The decision to employ a buy-in is usually part of a phased strategy to reduce plan risk. Because there are several ways to mitigate pension risk, it's a good idea for plan sponsors to think of de-risking as a series of steps, with a spectrum of possible choices at each step, rather than as a "once-and-done" transaction. At one end of the spectrum is a liability-driven investment strategy in which asset allocations are generally intended to match plan liabilities. On the other end is the pension buy-out, through which the liabilities and assets are transferred to an insurer. A pension buy-in, which shares aspects of both, lies between the two on the spectrum.
Buy-ins have become the most common form of pension de-risking in the U.K., and they are starting to gain traction in the United States as well. The most recent—and largest—U.S. buy-in transaction to date was secured this summer, for almost $100 million.
Buy-ins vs. Buy-outs
Both pension buy-outs and pension buy-ins involve the transfer of risks associated with a plan's liabilities to an insurance company. However, there are some fundamental differences between these approaches to risk transfer.

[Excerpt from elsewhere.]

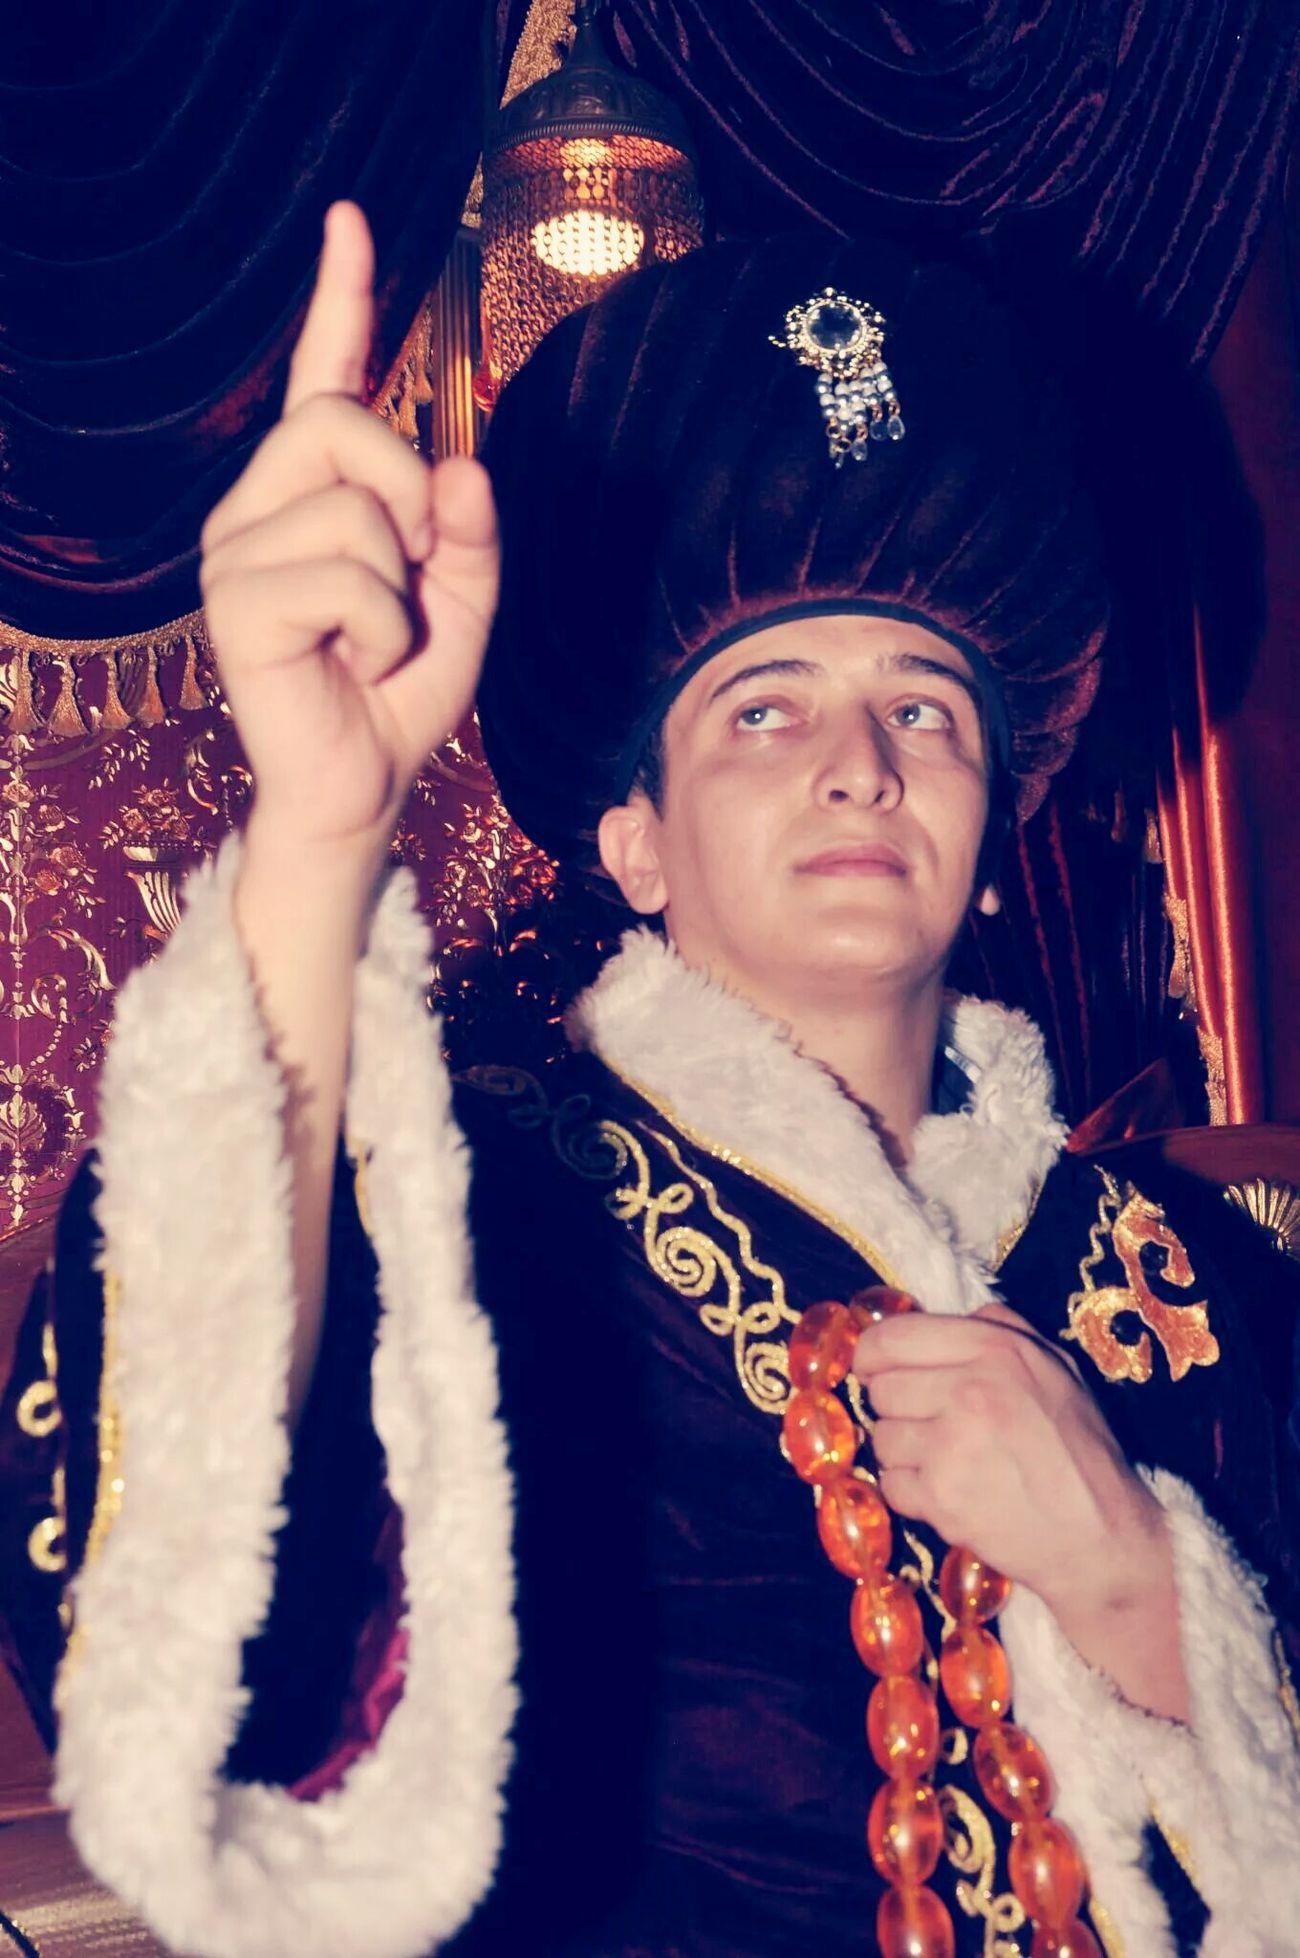 Osmanlı Osmanlıdevleti Ottomans Ottoman Empire Padisah Hi! Goodnight Iyigeceler Iyiaksamlar Relaxing

With a pension buy-out, the plan's assets and liabilities are irrevocably transferred to an insurance company. Each plan participant whose benefit is "bought out" has a right to an annuity payment, enforceable against the insurer. The insurance company assumes the financial and administrative responsibilities of paying the benefits, thus relieving the plan sponsor of its contractual obligation to participants. If a participant's entire benefit is "bought out," he or she ceases to be a participant in the pension plan.
By contrast, a buy-in is the purchase of a group annuity contract from an insurance company. The contract is held in the plan's name as an asset within the pension plan. Buy-ins can cover all plan participants (and beneficiaries) or a defined subset of participants. Through this distinct asset class, the insurer guarantees the plan's ongoing cash flow needs for future benefit payments as projected for the participants identified in the contract, but the plan remains responsible for ensuring that the pension's benefits are paid; the plan is not discharged from its contractual obligation to participants. A buy-in can also be thought of as a precise type of liability-driven investing (LDI) strategy in which assets specifically match the liability cash flows, on a guaranteed basis.
Pension buy-ins can significantly reduce market, interest rate, and longevity risk for a portion of a plan's liabilities. Thus, buy-ins can be a powerful investment tool through which a plan literally reshapes the risks associated with its liabilities. If a plan sponsor finds that it is becoming increasingly difficult to justify retaining long-term pension liabilities on its balance sheet, a buy-in can accomplish the financial effects of transferring risk, while preserving the plan sponsor's right to execute a buy-out in the future, if the funding, accounting, and business considerations are acceptable.
How a Buy-in Works
When a plan sponsor secures a buy-in for its plan, the plan makes a premium payment to an insurance company to cover the projected future benefit payments of a group of plan participants. Unlike other investment products that rely on proxies, such as market benchmarks that offer rough duration matches, a buy-in provides a level of precision that cannot be matched by other products. This type of strategy can be used to cover the obligations for all plan participants or customized to cover a defined segment of the population.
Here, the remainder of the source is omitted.